快照由上层应用触发。当上层应用认为可以将一些已提交的 entry 压缩成 snapshot 时，其会调用节点的 Snapshot()函数，将需要压缩的状态机的状态数据传递给节点，作为快照。

在正常情况下，仅由上层应用命令节点进行快照即可。但如果节点出现落后或者崩溃，情况则变得更加复杂。考虑一个日志非常落后的节点 i，当 Leader 向其发送 AppendEntries RPC 时，nextIndex[i] 对应的 entry 已被丢弃，压缩在快照中。这种情况下， Leader 就无法对其进行 AppendEntries。取而代之的是，这里我们应该实现一个新的 InstallSnapshot RPC，将 Leader 当前的快照直接发送给非常落后的 Follower。

何时快照？

服务端触发的日志压缩:上层应用发送快照数据给Raft实例。
leader 发送来的 InstallSnapshot:领导者发送快照RPC请求给追随者。当raft收到其他节点的压缩请求后，先把请求上报给上层应用，然后上层应用调用rf.CondInstallSnapshot()来决定是否安装快照

流程梳理

快照是状态机中的概念，需要在状态机中加载快照，因此要通过applyCh将快照发送给状态机，但是发送后Raft并不立即保存快照，而是等待状态机调用 CondInstallSnapshot()，如果从收到InstallSnapshot()后到收到CondInstallSnapshot()前，没有新的日志提交到状态机，则Raft返回True，Raft和状态机保存快照，否则Raft返回False，两者都不保存快照。

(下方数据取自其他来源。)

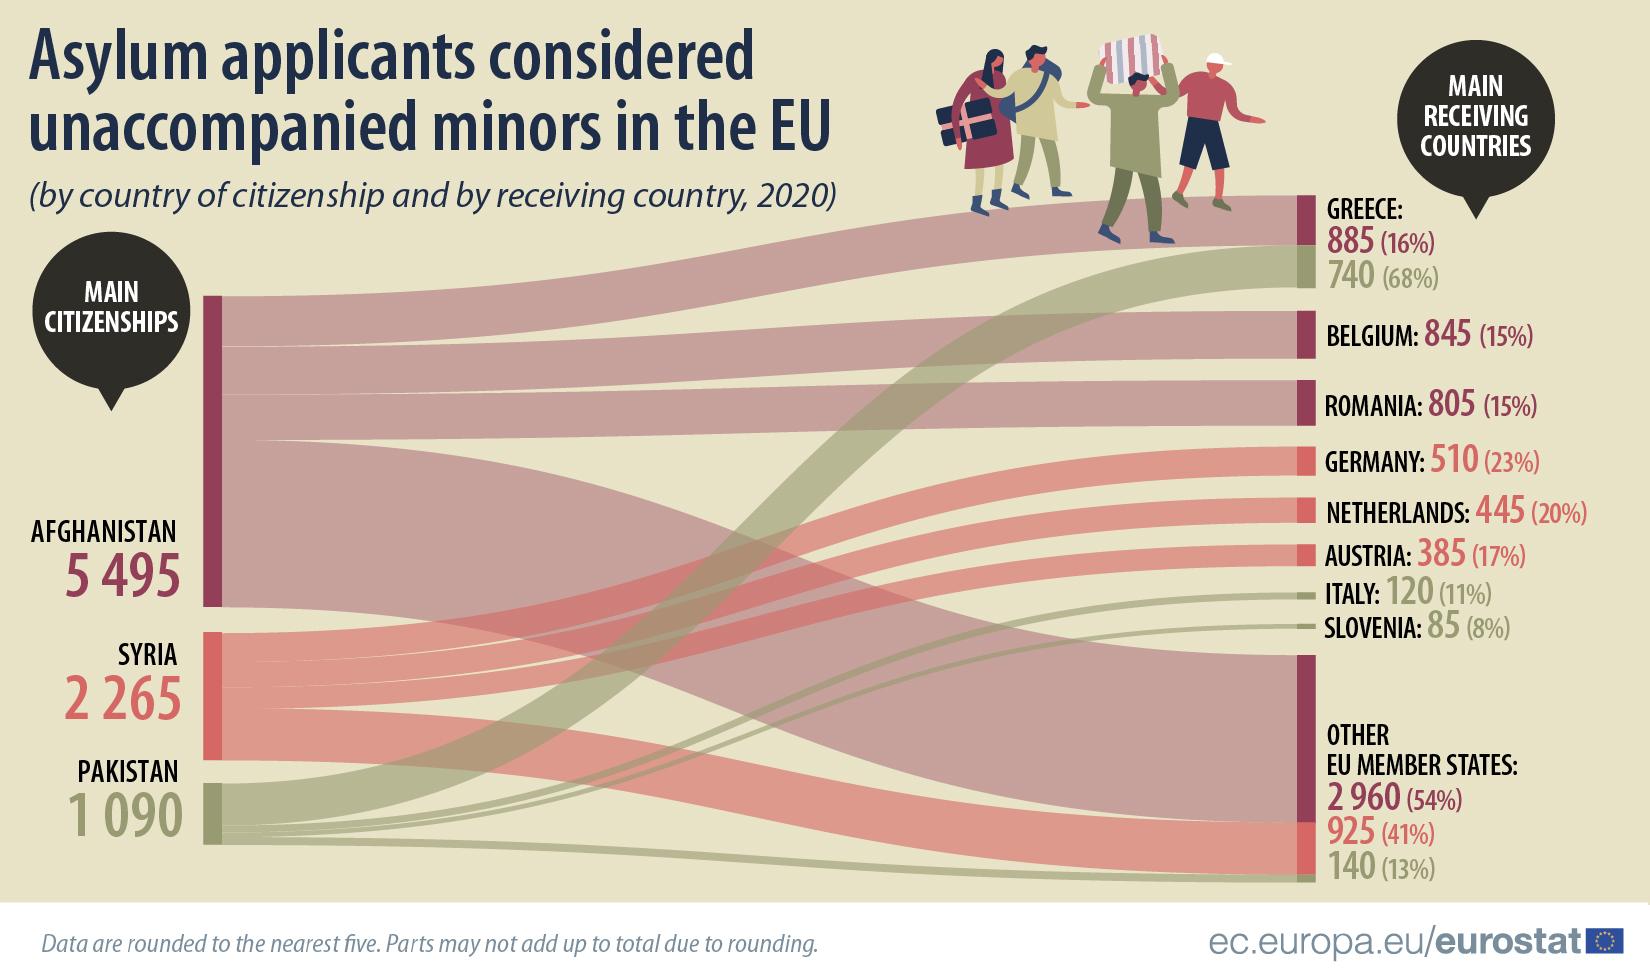 Asylum applicants unaccompanied minors top 3 2020
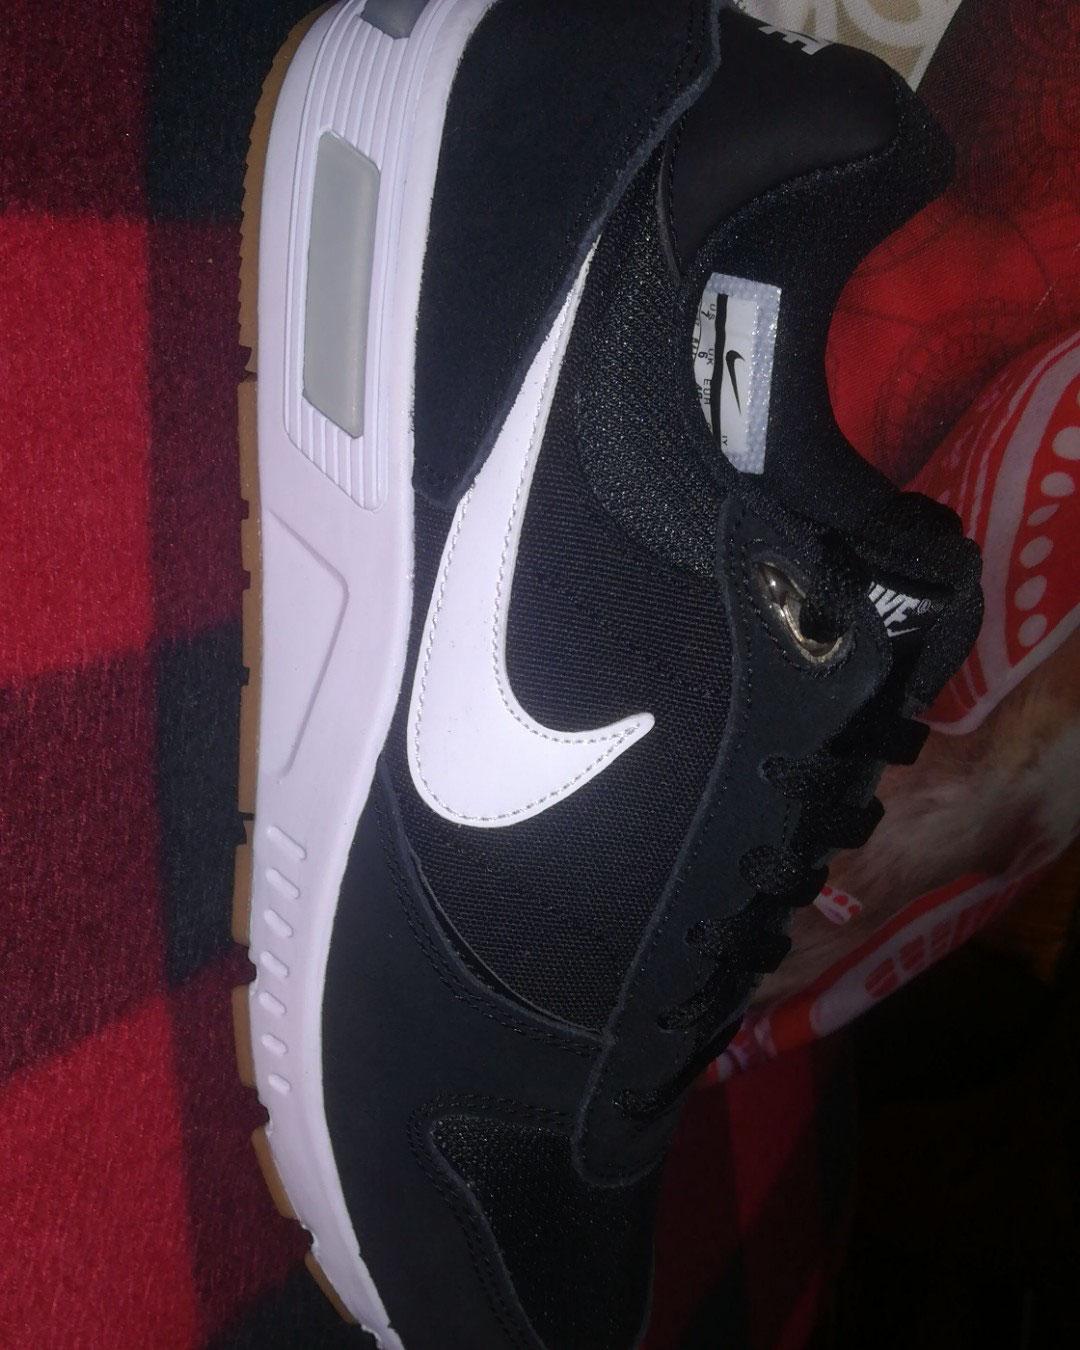 Scarpa Nike Nightgazer Uomo Nero from Nike on 21 Buttons

如此保证了Raft和状态机保存快照是一个原子操作(SaveStateAndSnapshot)。当然在InstallSnapshot()将快照发送给状态机后再将快照保存到Raft，令CondInstallSnap()永远返回True，也可以保证原子操作，但是这样做必须等待快照发送给状态机完成，但是rf.applyCh <- ApplyMsg是有可能阻塞的，由于InstallSnapshot()需要持有全局的互斥锁，这可能导致整个节点无法工作。

服务端触发的日志压缩: 上层应用发送快照数据给Raft实例。
leader 发送来的 InstallSnapshot: Leader发送快照RPC请求给Follower。当raft收到其他节点的压缩请求后，先把请求上报给上层应用，然后上层应用调用rf.CondInstallSnapshot()来决定是否安装快照(SaveStateAndSnapshot)

compaction

相关函数解析

服务端触发的Log Compact

func (rf *Raft) Snapshot(index int, snapshot []byte) 应用程序将index（包括）之前的所有日志都打包为了快照，即参数snapshot [] byte。那么对于Raft要做的就是，将打包为快照的日志直接删除，并且要将快照保存起来，因为将来可能会发现某些节点大幅度落后于leader的日志，那么leader就直接发送快照给它，让他的日志“跟上来”。

 1
 2
 3
 4
 5
 6
 7
 8
 9
10
11
12
13
14
15
16
17
18
19
20
func (rf *Raft) Snapshot(index int, snapshot []byte) {
	// Your code here (2D).

	rf.mu.Lock()
	defer rf.mu.Unlock()

	lastSnapshotIndex := rf.getFirstLog().Index
	// 当前节点的firstLogIndex 比要添加的Snapshot LastIncludedIndex 大，说明已经存在了Snapshot 包含了更多的log
	if index <= lastSnapshotIndex {
		DPrintf("[Snapshot] - {Node %v} rejects replacing log with snapshotIndex %v as current lastSnapshotIndex %v is larger in term %v", rf.me, index, lastSnapshotIndex, rf.currentTerm)
		return
	}
	// 新的日志索引包含了 LastIncludedIndex 这个位置，因为要把它作为dummpy index
	rf.logs = shrinkEntriesArray(rf.logs[index-lastSnapshotIndex:])
	rf.logs[0].Command = nil
	rf.persister.SaveStateAndSnapshot(rf.encodeState(), snapshot)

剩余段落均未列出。